Now let's use our cached vector index to query the documents.

In [None]:
# Set up a query engine with our cached index
query_engine = index.as_query_engine(
    similarity_top_k=2  # Return top 2 matching chunks
)

# Define a query function with caching
def cached_query(query_text):
    # Use a cache for queries with 1-hour expiration
    query_cache = SimpleCache(cache_dir="query_cache", expiration_seconds=CACHE_QUERIES_EXPIRATION)
    cache_key = f"query_{hash(query_text)}"  # Create a unique key for this query
    
    # Define a function to execute the query if not cached
    def execute_query():
        print(f"Executing query: '{query_text}'")
        return query_engine.query(query_text)
    
    # Get from cache
    result = query_cache.get(cache_key, execute_query)
    
    if result:
        print(f"Query successful!")
        return result
    else:
        print("No result found for this query.")
        return None
    
# Example query
query_text = "What is the purpose of this document?"
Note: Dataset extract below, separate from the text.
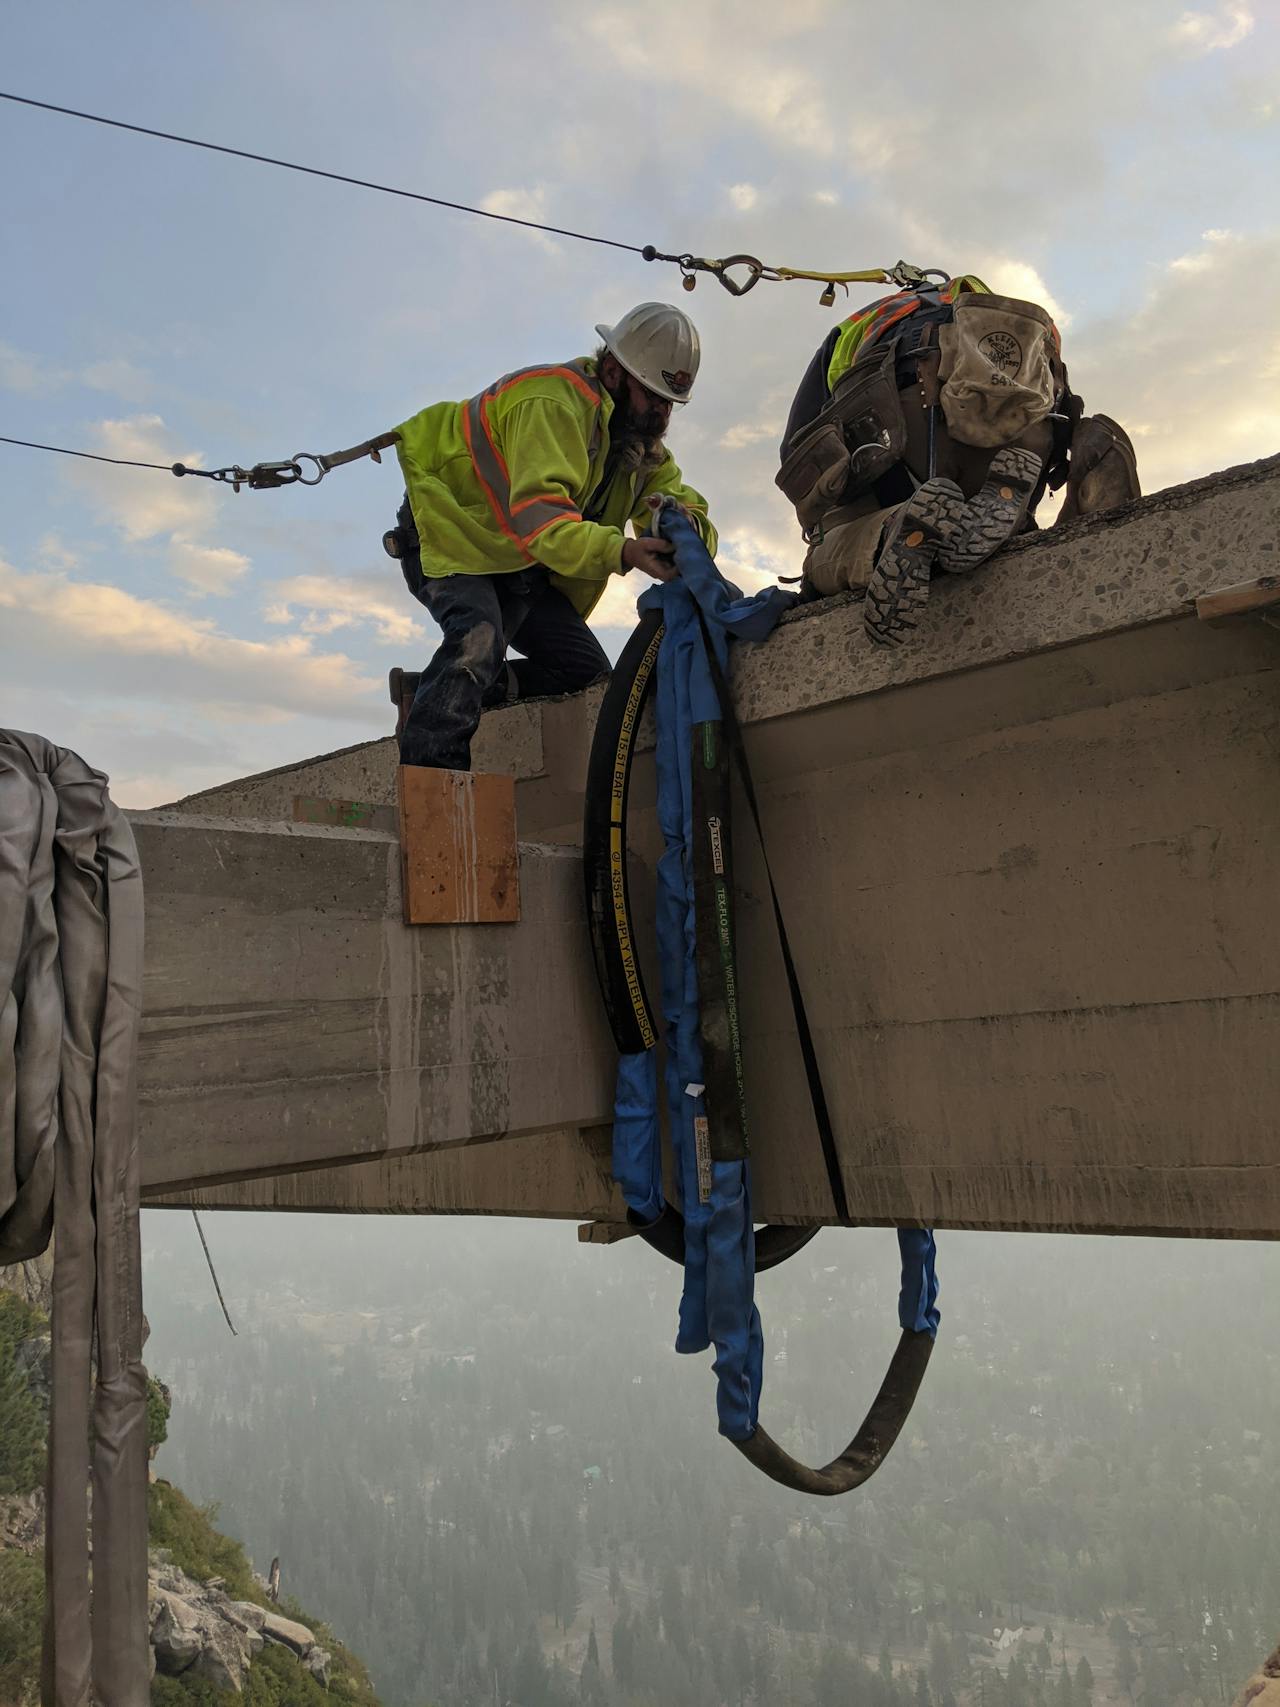 Replacement of the Highway 50 Caltrans viaduct

# Call the cached query function
result = cached_query(query_text)
if result:
    print(f"Query result: {result}")
    
    
query_text = "Summarize the main points of this document."

# Call the cached query function
result = cached_query(query_text)
if result:
    print(f"Query result: {result}")
    

# Clean up caches if needed
# cache.clear()


## Conclusion

In this notebook, we demonstrated how to :
1. Create a simple caching system using pickle files.
2. Cache Notion data to avoid repeated API calls.
3. Cache vector indices to speed up document retrieval and reduce computational costs.
4. Query the cached index to retrieve relevant documents.

This approach can significantly improve the performance of applications that rely on external APIs and large datasets. By caching data locally, we can reduce latency and API costs while maintaining the flexibility of our application.